The Nautilus Exploration Program conducts interdisciplinary exploration seeking out new discoveries in the fields of geology, biology, maritime history, archaeology, and chemistry while pushing the boundaries of engineering, technology, education, and communications. Expeditions seek contribution from experts around the world through the Scientist Ashore network and the Corps of Exploration is made up of diverse skill sets and specialties so the team can be prepared for whatever they may come across in the depths of the sea. Over 95% of the ocean is unexplored, and that number approaches 100% for its deepest regions where the Nautilus team does most of their work. Above all else, Nautilus lives up to its title as an Exploration Vessel - each cruise has specific objectives, but the path changes constantly throughout the season as new discoveries come to light.
Life in the deep sea is beautiful, unfamiliar, and awe-inspiring. Much of Nautilus's biological research focuses on communities that are all three - chemosynthetic ecosystems. Unlike most ecosystems on land and in shallow waters, these communities are not based around sunlight. Instead, bacteria transform chemicals released by geological processes in the Earth's crust into energy. These bacteria form the base of an ecosystem that can include far more complex creatures like tube worms, mussels, and shrimp. Since their initial discovery on the East Pacific Rise in the late 1970s these chemosynthetic communities have been discovered around the world. Nautilus has examined these organisms in locations ranging from the Eratosthenes Seamount in the Mediterranean to the Galapagos volcanic rift in the eastern Pacific Ocean.
Another major area of research is deep sea coral and the effects of the 2010 Deepwater Horizon Oil Spill. Scientists from ECOGIG have returned to the same coral sites every year since the spill to study the long term effects of the oil on the coral and their associated communities. They are also noting the effects of natural gas seeps on the coral to better understand what might make some corals more resistant to oil spills than others.
Every Nautilus cruise also sees its fair share of marine megafauna. No matter what the main goal of the cruise is the Corps of Exploration will always stop to examine fish, cephalopods, sea cucumbers, crustaceans, sharks, and more.
While much of the seafloor is relatively calm and stable, the areas at tectonic plate boundaries are far from it. The same forces that create and destroy sections of the Earth's crust produce volcanoes, hydrothermal vents, geologic hazards, and more. These phenomena range from beautiful and benign to potentially deadly, and, like everything else miles below the surface, much remains unknown to scientists. Nautilus hosts scientists studying all facets of marine geology, all trying to better understand the mysteries of the Earth.
The processes that form hydrothermal vents are complicated, beginning when water is forced beneath the Earth's crust. It is superheated by tectonic forces and loaded with chemicals before jetting back out into the open ocean. Those chemicals precipitate in the cold ocean water to form beautiful chimneys and spires. Nautilus has visited hydrothermal vent sites around the world, from the gold and silver filled spires deep in crater of the Kolumbo volcano to the shrimp-covered towers of the Mid-Cayman Rise.

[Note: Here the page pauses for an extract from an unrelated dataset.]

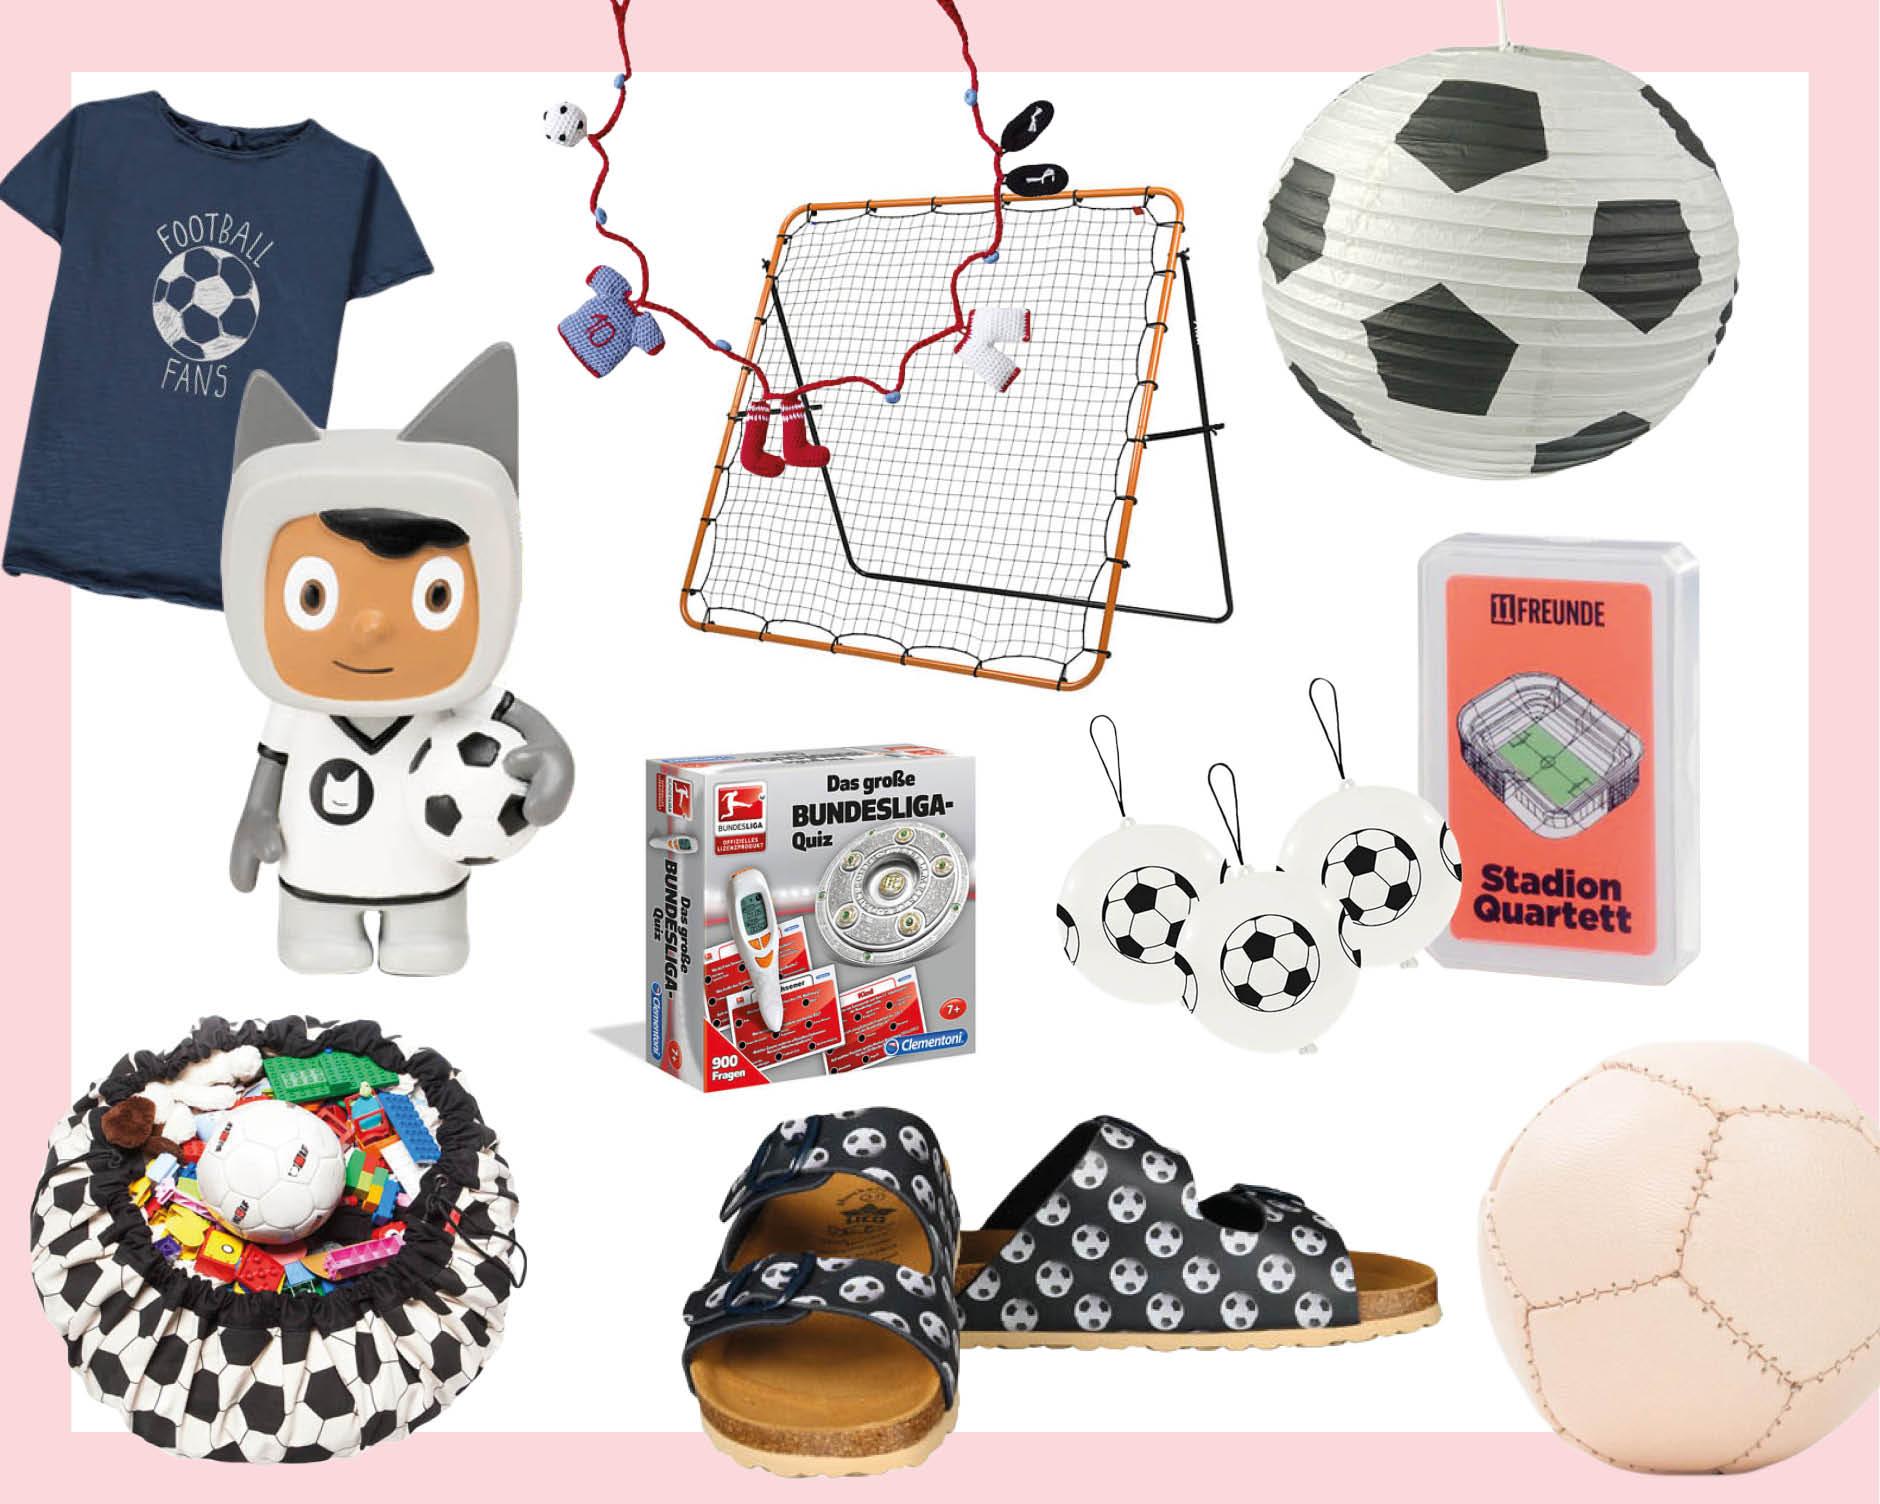 Bereit zum Anpfiff: Die besten Fußball Accessoires für Kinder zur WM 2018

While exploring in the Caribbean, much of the Earth systems research of the Nautilus Exploration Program focused on geologic hazard sites. These are areas of the seafloor that could be prone to earthquakes or landslides that could have devastating effects on land through the generation of deadly tsunamis. Scientists hope that the data gathered by Nautilus will potentially lead to improved methods of predicting these catastrophic events in the future.
Humans have been sailing the global ocean in one form or another for over 7,000 years. Throughout those long centuries, thousands and thousands of ships have been brought beneath the waves by weather, by war, by mutiny. The seafloor provides an often untouched record of human history, and is a veritable treasure trove for archeologists looking to learn a little bit more about the complex saga of humanity.
For its first few years of exploration E/V Nautilus was based in the Black, Mediterranean, and Aegean Seas. These bodies of water are home to some of the most ancient shipwrecks ever discovered. During those short three years Nautilus looked at over 50 shipwrecks, ranging from 2,000 year old merchant vessels to a World War II-era aircraft. Many of the most ancient shipwrecks are defined by their amphora, the clay pots used by ancient civilizations to ship wines, oils, nuts, and more. Thanks to the oxygen-depleted waters of the Black Sea, many of the ships there have been untouched by decomposing bacteria.
Since moving into the Western Hemisphere, Nautilus has been involved in one major shipwreck site - the Monterrey Wrecks. After the archeological team recovered a number of artifacts from the original known wreck, Monterrey A, the ship moved on to visit two previously unexplored sonar targets to reveal two new shipwrecks, Monterrey B and C respectively. The three 19th century ships all sunk within a mile of one another, raising even more questions for archeologists.
The future holds more archeology for E/V Nautilus as the Corps of Exploration visits U-Boat sites, downed oil tankers, and more.